P.D. James and Commander Dagliesh (My Rating: 5+)
Highly superior and thoughtful entertainment with a poet detective
Between 1962 and 2008, P.D. James wrote 16 novels with some appearance of DCI, and later Commander*, Adam Dalgliesh (this includes two with private investigator Cordelia Gray as the main character). “Baroness James of Holland Park” is for my money the best of the British detective writers since Arthur Conan Doyle. I first came across her Dalgliesh in the PBS Mystery series during the 1980’s when hosted by the magnificent Vincent Price and Diana Rigg.
Wikipedia describes Adam Dalgliesh as “an intensely cerebral and private person.” He thinks more than he says and leaves empty spaces that other might fill with babble. (Witnesses and suspects often tell him more than they meant to though they also seek to keep secrets that would be useful for the police to know.) Dalgliesh, also a published poet, admits – to himself at least – that he derives poetic insight from the persons he meets during his investigations. He usually heads a team with two more junior but quite capable detectives, all working out of Scotland Yard. In the latter stories, when he has risen to the rank of commander, he often must also answer to political and bureaucratic demands.
James writes long books filled with detail. She usually begins not with the murder but by telling us about the victim – we know who will die at the outset – and all those who might have reason to kill him or her. We end up with some degree of sympathy for the victim and for the person who will, by the end of the book, turn out to be the killer. James also provides minute descriptions of not only the people and their appearance but every building and room anyone ever enters. At first, I found this a bit overdone. But I came to find the experience of being so immersed quite comforting. We learn a bit about English customs – they drink lots of tea though Dalgliesh and team prefer being fueled by coffee – as well as the interiors, furniture, artworks and architecture of any room or building anyone enters.

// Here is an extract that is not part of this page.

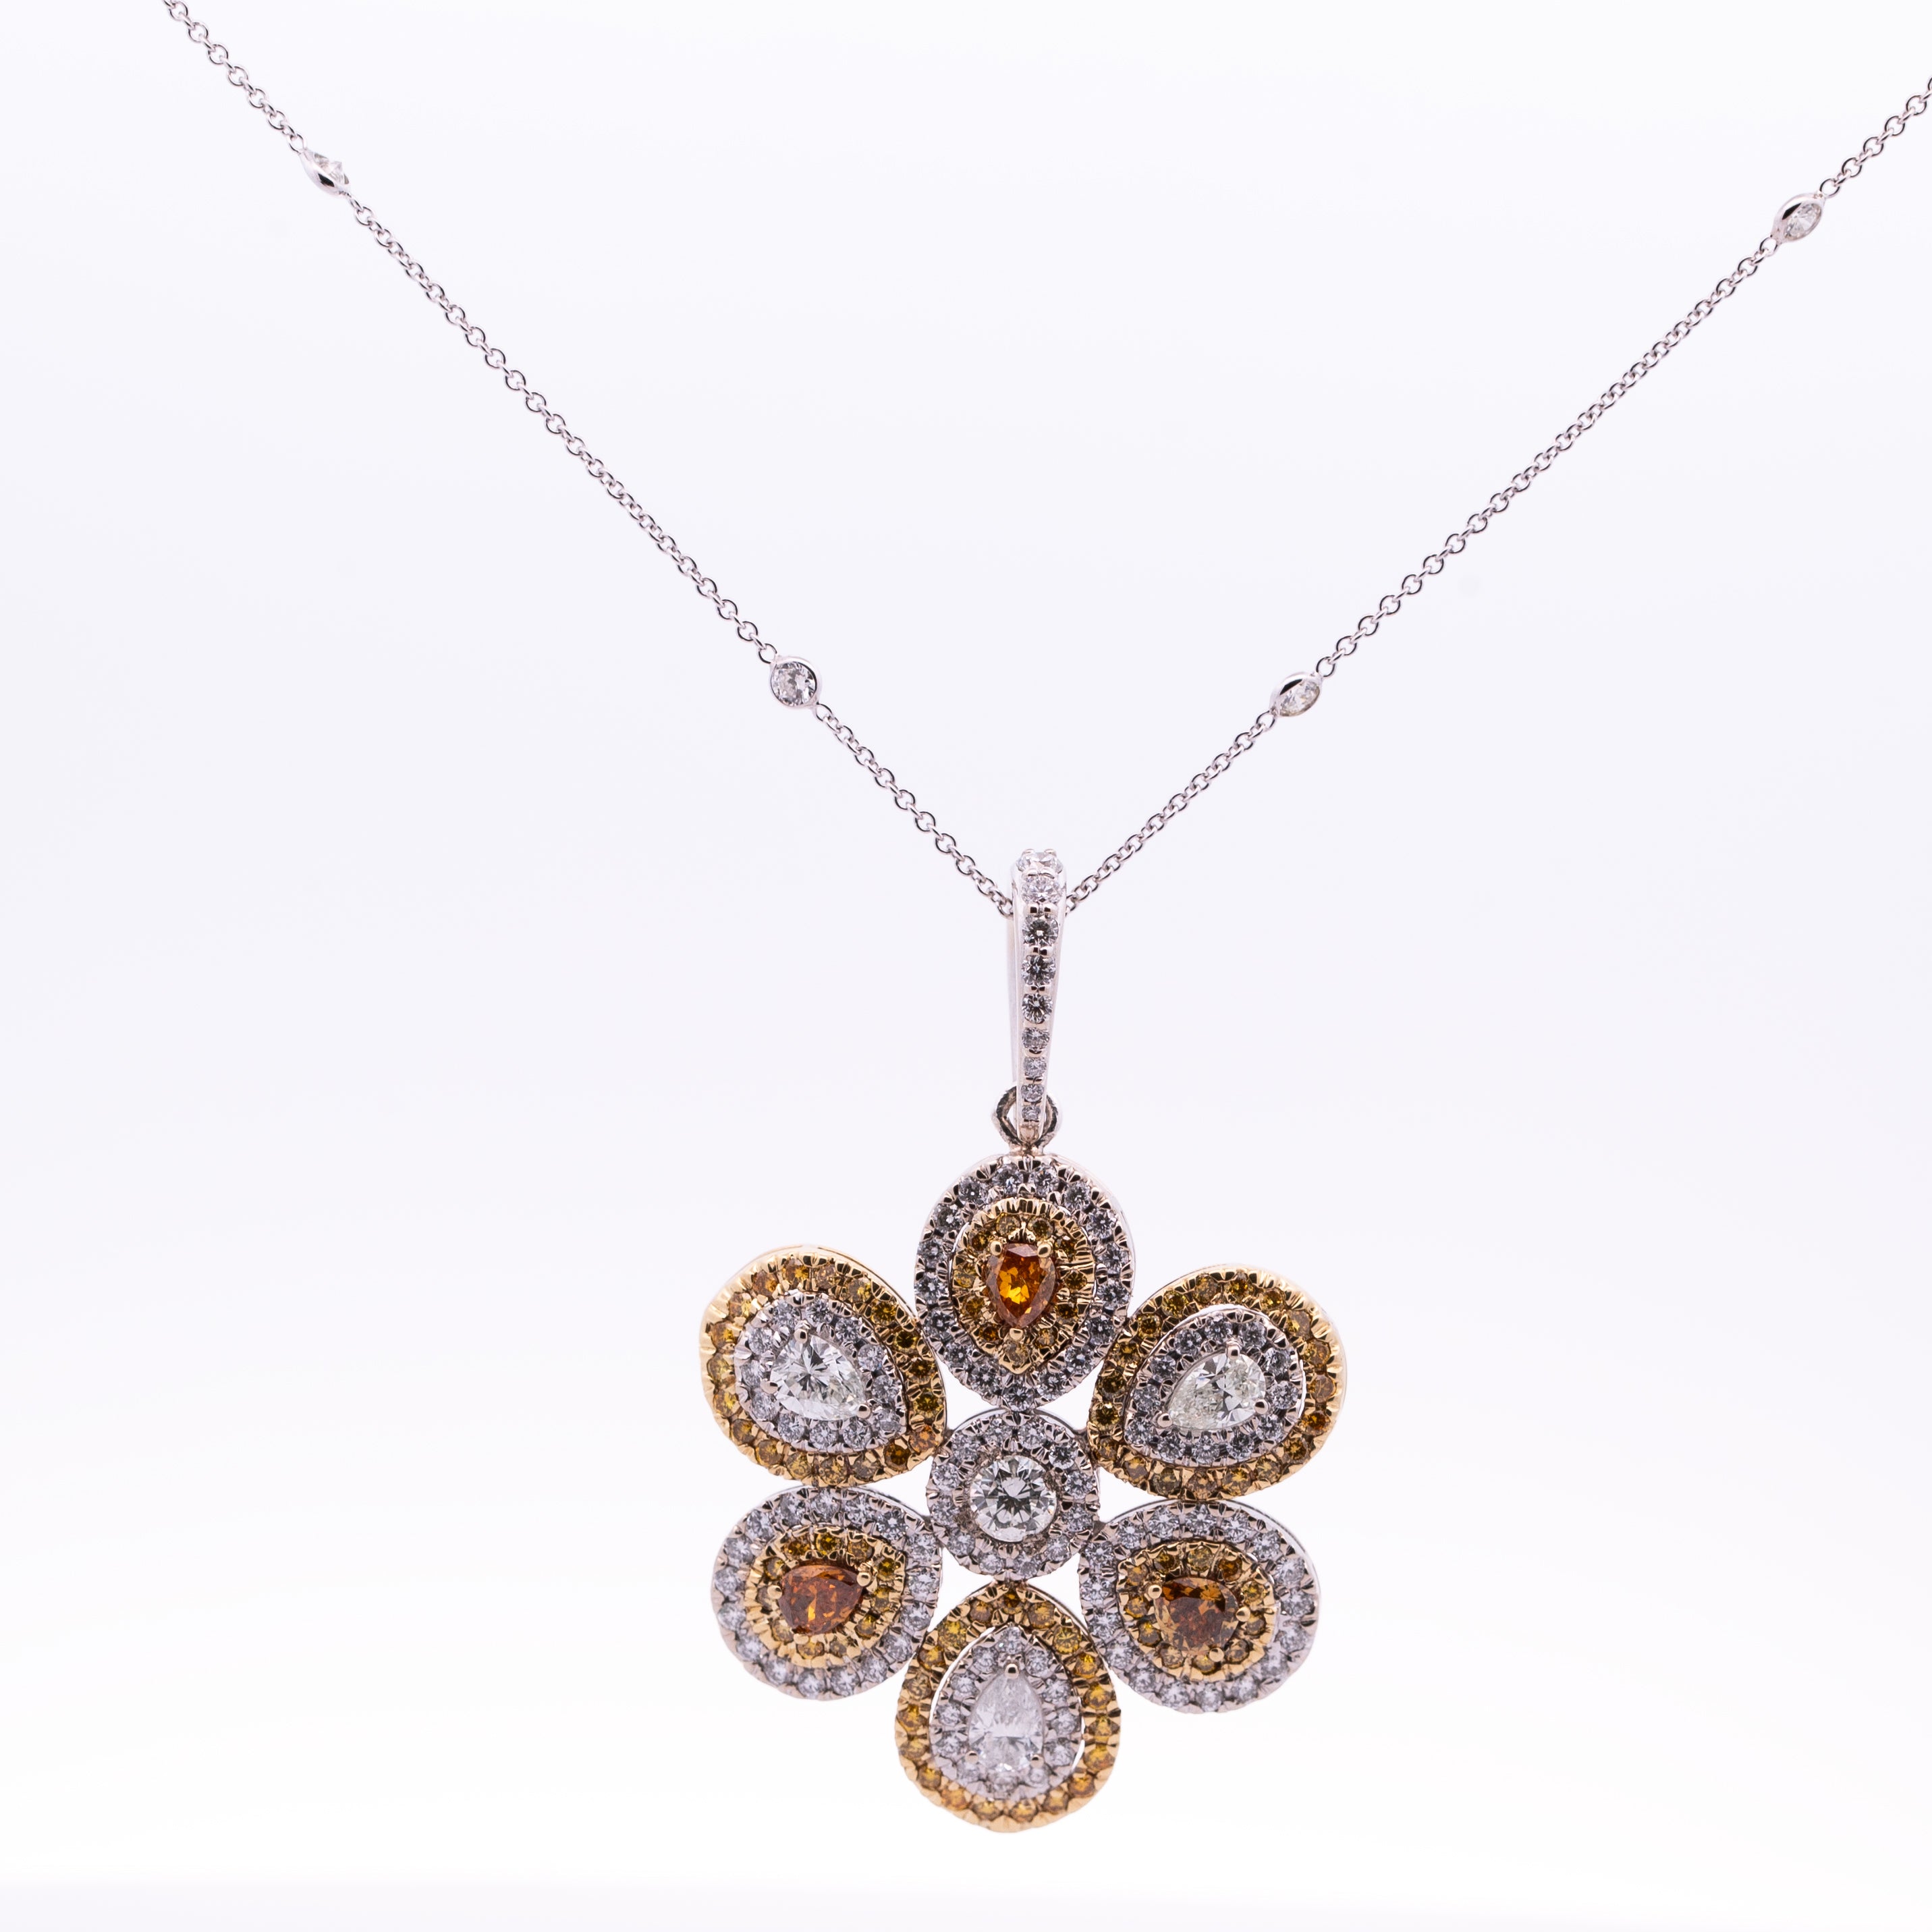 Inspired Diamond Necklace - Colored Stone Necklace

Twelve of the Dalgliesh novels were made into TV series with Roy Marsden playing the lead role in the first ten and Martin Shaw in two. While I liked Shaw in the excellent Inspector George Gently, Marsden is for me the definitive Dalgliesh. He conveys perfectly the version in the books, self-contained, attentive, laconic and yet compassionate. The supporting actors are often familiar faces for anyone who has watched lots of British TV and always perfect in their roles. The TV versions do justice to the books while simply showing the bits that James describes in detail. Highly superior and thoughtful entertainment doing justice to her works.
A new Acorn TV version – Dalgliesh – began in 2021. I’ve watched a few. They condense, rearrange, add unnecessary melodrama and flatten the characterizations. Dalgliesh comes off more melancholy than quietly reserved and observant. If you like P.D. James and you’ve run out of other things, maybe worth a try.
* UK police ranks range from constable to commander, going though sergeant, inspector, chief inspector, superintendent, chief superintendent and commander. Chief constables and commissioners fit somewhere in here. I make the “commander” to be equivalent to the military rank of colonel.